Croyez-vous que la lutte a perdu sa valeur ?

Cette question revient souvent. Je tiens à dire que la lutte n’a pas du tout perdu sa valeur. Tous les mouvements populaires ont ce que nous appelons, des flux et des reflux. Même si les grands mouvements de foules que nous arrivions à mobiliser durant ces années-là n’ont plus lieu aujourd’hui. D’abord, il faut savoir que les grands mouvements citoyens ont lieu tous les trente ans. Ce n’est pas tous les jours que nous pouvons mobiliser les foules. Donc ce recul observé dans la lutte est tout à fait normal. De plus, même le combat change dans sa méthode. Nous étions dans la contestation pure et dure car nous n’avions rien. Il fallait en premier lieu ouvrir le champ politique.

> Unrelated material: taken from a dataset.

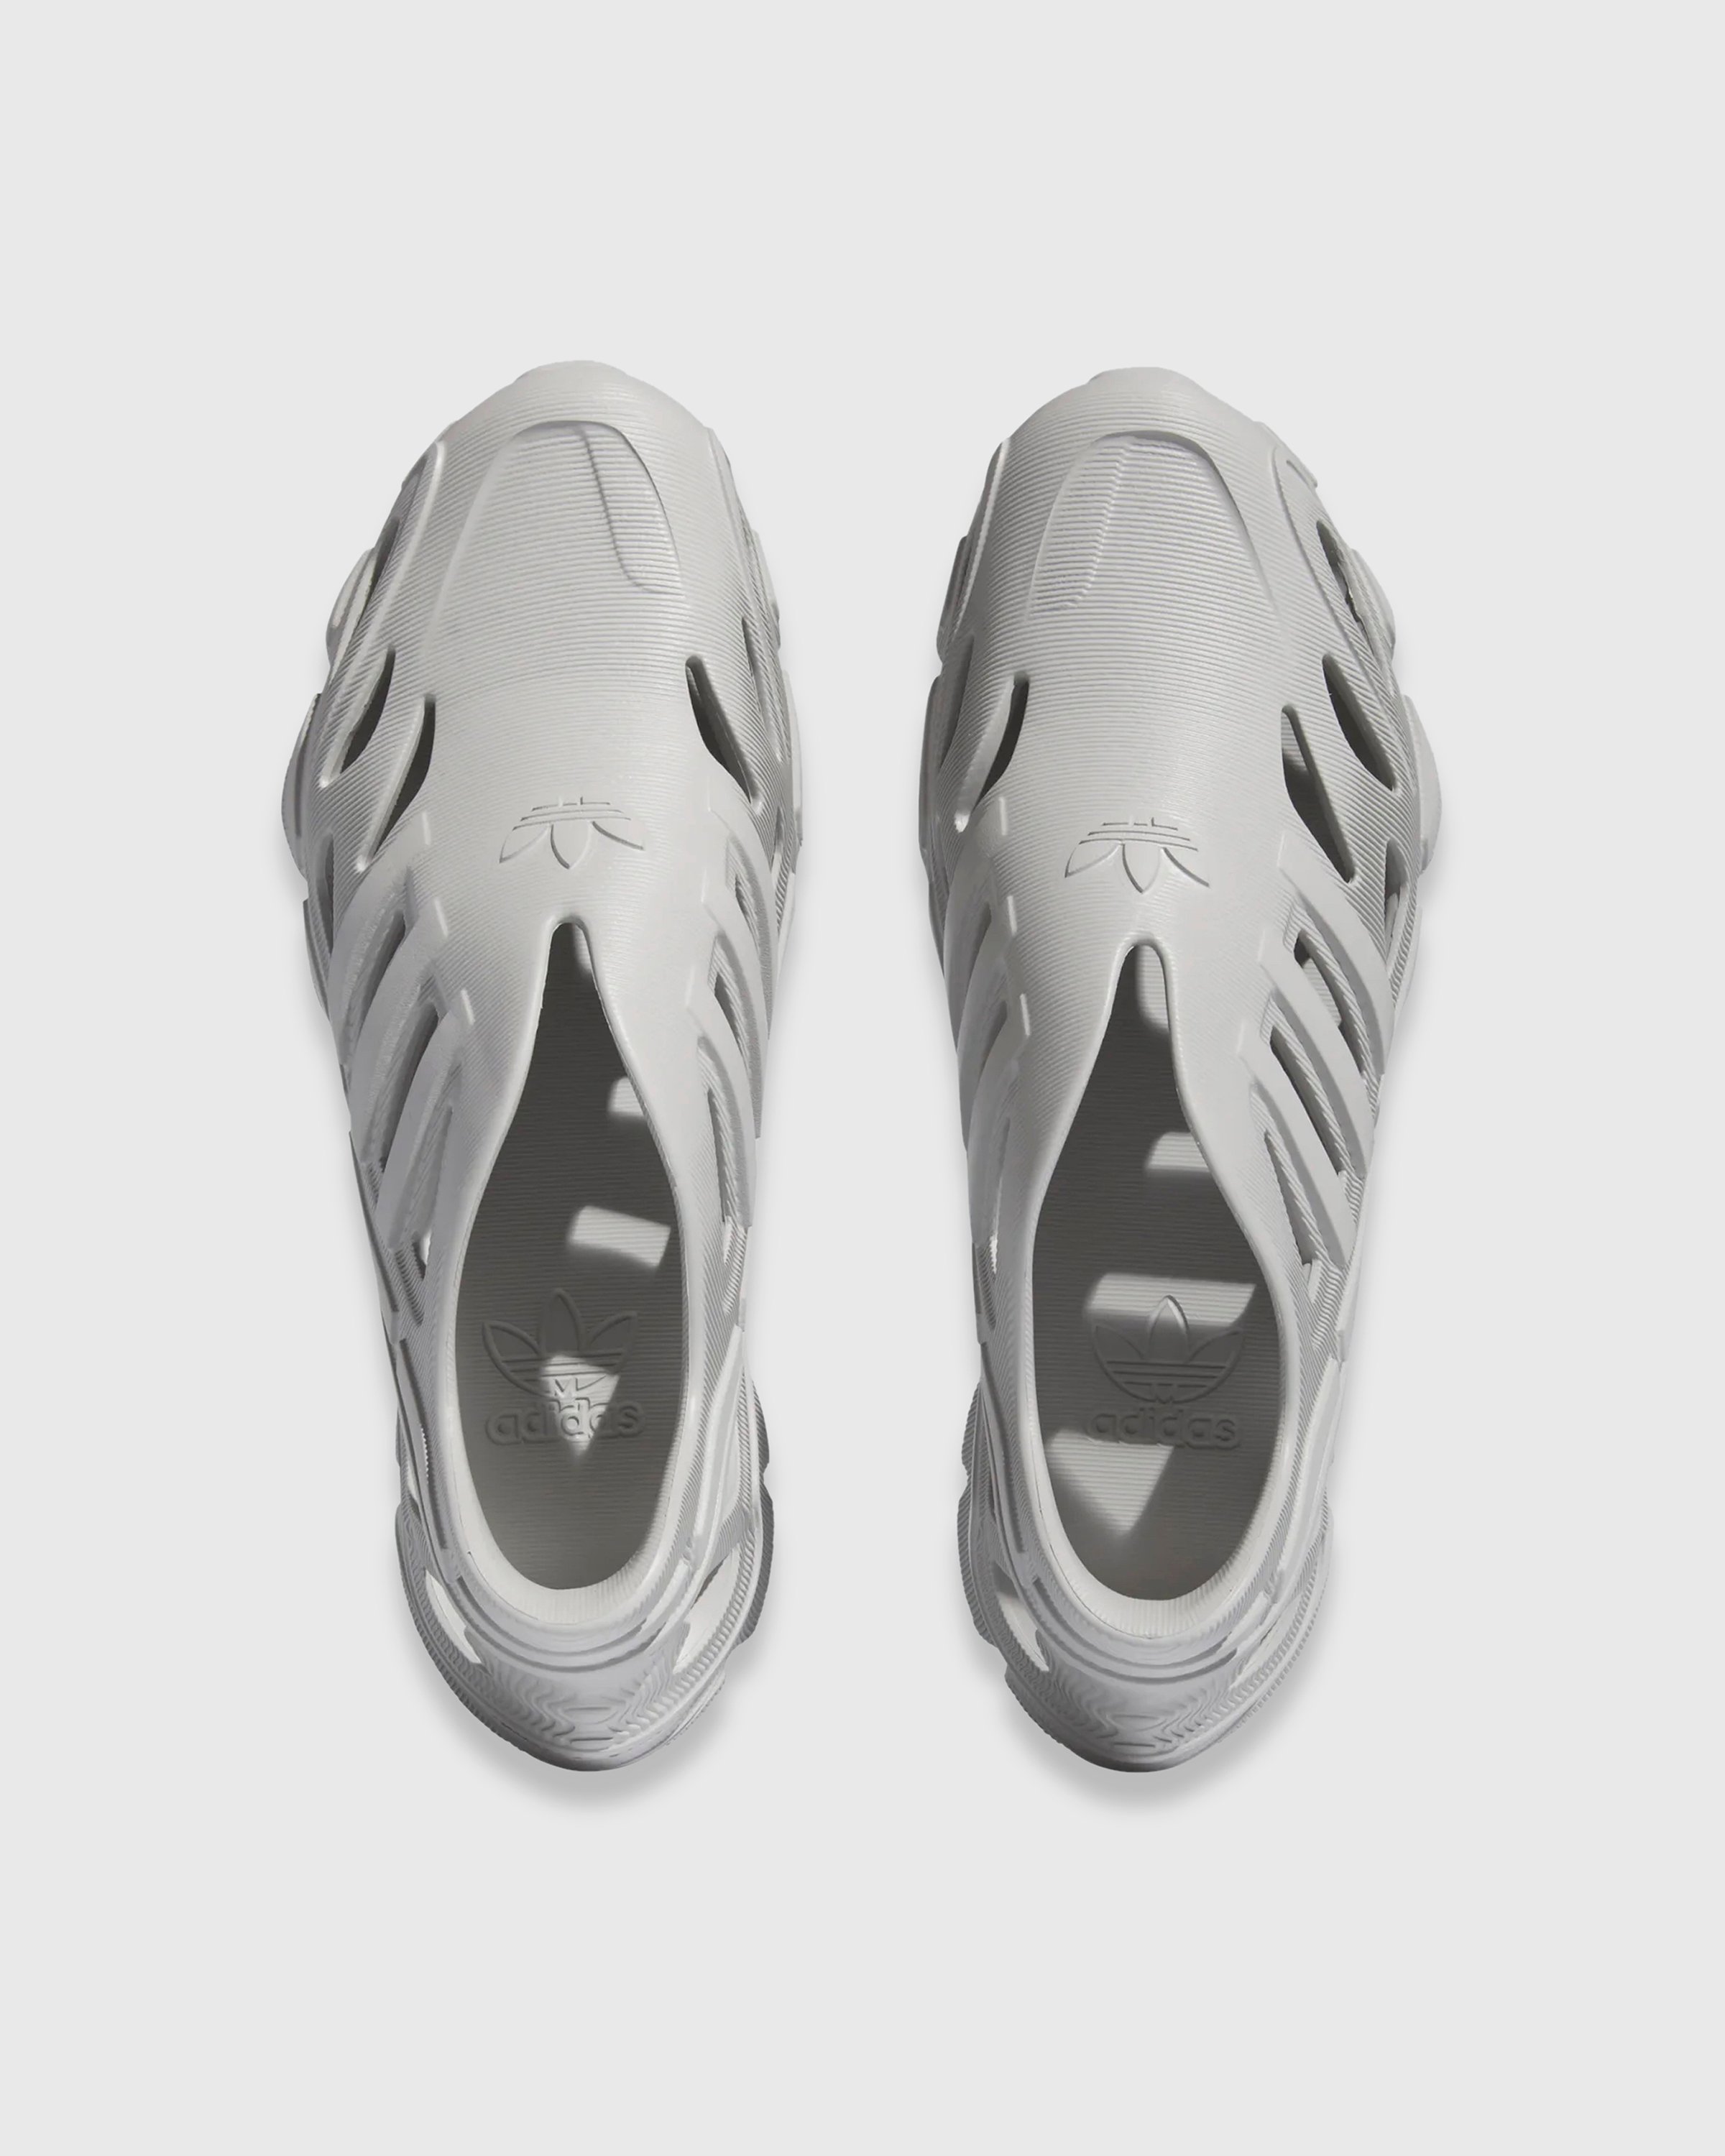 Adidas - adiFOM SUPERNOVA GRETWO/GRETWO/GRETWO - Footwear - Grey - Image 3

A l’époque nous n’aurions jamais pu organiser la table ronde que nous avons animée aujourd’hui à la maison de la culture Mouloud Mammeri. Donc, il fallait passer par la rue. Aujourd’hui, nous ne sommes plus obligés de passer par la rue pour revendiquer et contester. Même si les risques demeurent. Mais ce n’est plus comme avant, qu’on le veuille ou pas. La Kabylie a ouvert les yeux au peuple algérien. Il y a eu les événements de 1988, résultat indirect du mouvement de 1980. Puis il y eut la création de nombreux organes, notamment l’ADDH et l’association des enfants de chahid. Tous ces éléments ont fait que beaucoup d’acquis, malgré leur insuffisance, ont vu le jour. Effectivement aujourd’hui nous avons l’impression que les gens ont un peu baissé les bras, car ils ne sont plus dans le spectacle. Maintenant, le travail se fait plus en douceur, c’est un travail de production non de contestation.

Comme à chaque 20 avril, on vous voit marcher, mais nous voudrions savoir dans quel camp vous vous situez aujourd’hui ?

Ah non ! Je ne me situe dans aucun camp. Quand je marche je le fais dans le cadre du mouvement culturel berbère même s’il n’y a pas de banderole qui porte ces initiales. Comme chaque 20 avril, je marche pour la cause berbère. Je me mets parmi les marcheurs et franchement je suis au dessus des partis politiques. Si demain un quelconque parti politique m’invitait pour donner une conférence dans l’un de ses colloques, j’irais. Autrement dit, toutes les tribunes qui me sont offertes pour contribuer à porter le discours amazigh sont les bienvenues, et j’en profiterai sans état d’âme. Si l’on dit que les partis politiques me manipulent, je dirai tout simplement que je mets cette manipulation au service de la cause.